UTIL-CPU: indicator that this CPU has been designated as a utility CPU meant to run utility threads such as the OMP monitor and the PSM Progress threads.

This option is useful for debugging.

The content and format of the output are highly dependent on the current implementation of the mOS scheduler and therefore are likely to change in future releases.

Recommended environment variables

The mOS kernel will assign unique CPU and memory resources for each process/rank within a node and will assign threads to the CPU resources owned by the process. For these reasons, it is advisable to apply these runtime specific environment variables that can inhibit this mOS behavior.   

Name Value Description
I_MPI_PIN off

Disables process pinning in Intel MPI.  Without this set, Intel MPI gets confused by isolated CPUs (including mOS LWK CPUS) and may attempt to assign ranks to cores not controlled by mOS. Symptoms include core dumps from the pmi_proxy (HYDRA).  When disabled via "I_MPI_PIN=off", processes forked by the pmi_proxy will inherit the affinity mask of the proxy, which is what we want for mOS' yod.

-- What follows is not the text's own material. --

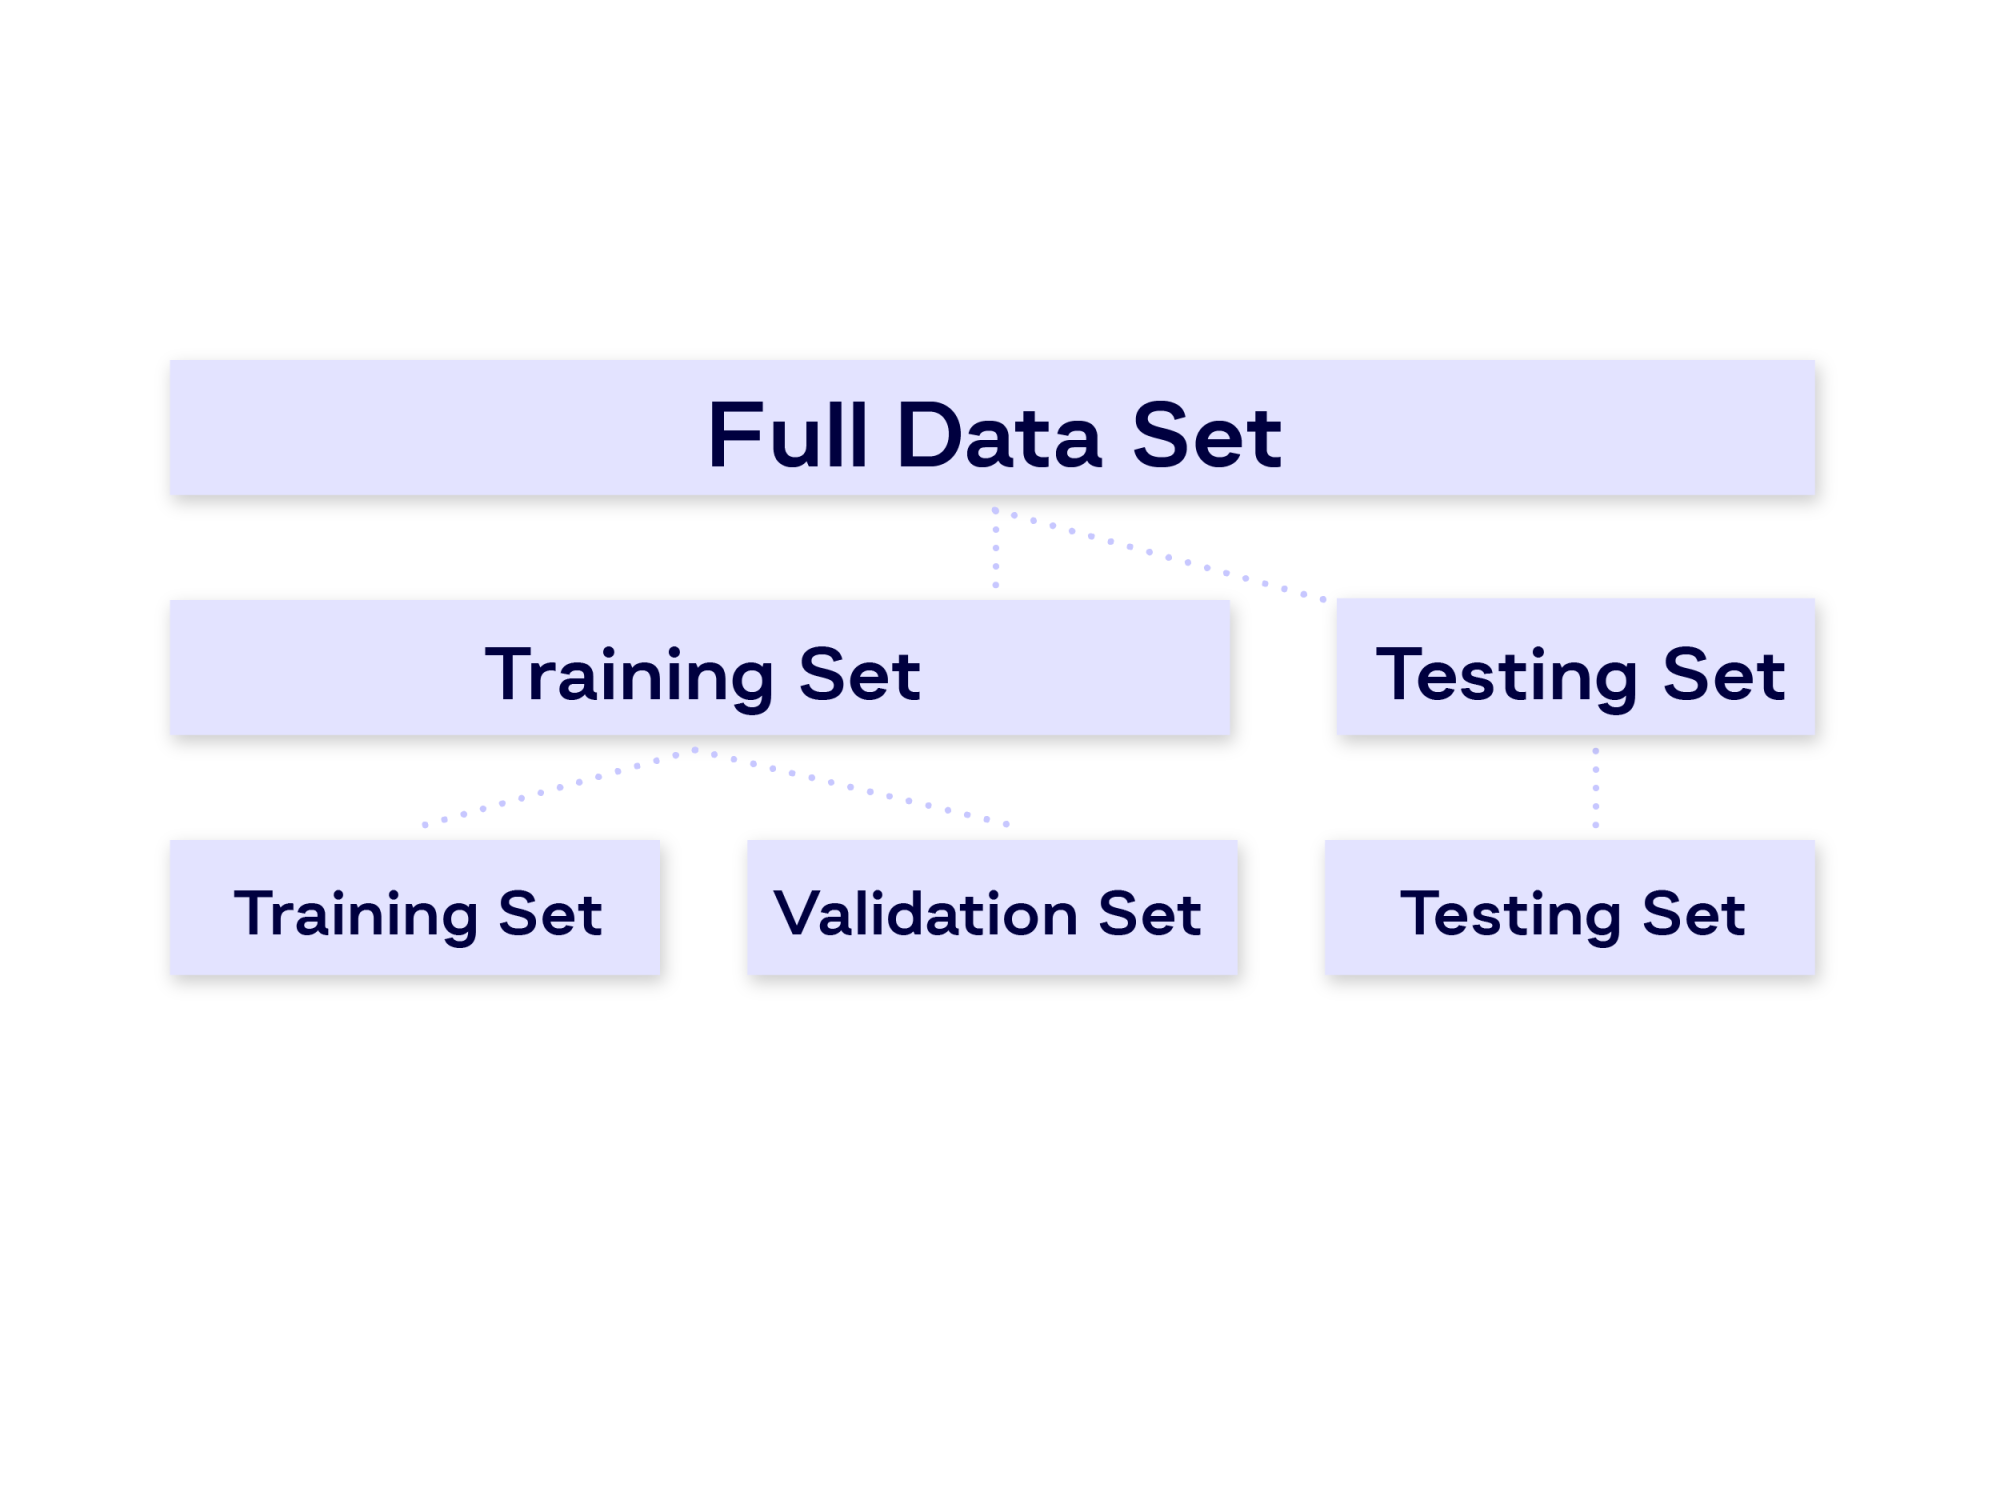 Screenshot of "Data Set" information

See https://software.intel.com/en-us/node/528818

I_MPI_FABRICS shm:tmi For use on clusters with Intel(R) Omni-Path Fabric
I_MPI_TMI_PROVIDER psm2 For use on clusters with Intel(R) Omni-Path Fabric
I_MPI_FALLBACK 0  
PSM2_RCVTHREAD 0 Disables the PSM2 progress thread.  If not disabled, the MPICH run-time will create an additional thread within the process. This additional thread could interfere with mOS process / thread placement and reduce performance. Some application environments may require the use of this progress thread in order to allow forward progress. In those environments the existence of the PSM2 progress thread must be made known to the mOS kernel through the yod --util_threads option. Please consult the yod man page for a more detailed description of this option.
PSM2_MQ_RNDV_HFI_WINDOW 4194304 For use on clusters with Intel(R) Omni-Path Fabric
PSM2_MQ_EAGER_SDMA_SZ 65536 For use on clusters with Intel(R) Omni-Path Fabric
PSM2_MQ_RNDV_HFI_THRESH 200000 For use on clusters with Intel(R) Omni-Path Fabric
KMP_AFFINITY none

Does not bind OpenMP threads to CPU resources, allowing the mOS kernel to place the threads on CPU resources. If the operating system supports affinity, the compiler still uses the OpenMP thread affinity interface to determine machine topology. Specify KMP_AFFINITY=verbose,none to list a machine topology map. The other KMP_AFFINITY options are supported with mOS can be specified if it is desired to allow the OpenMP run-time to place the OpenMP threads.

See https://software.intel.com/en-us/node/522691

HFI_NO_CPUAFFINITY 1

For use on clusters with Intel(R) Omni-Path Fabric
Forces PSM2 to not affinitize the PSM2 progress thread.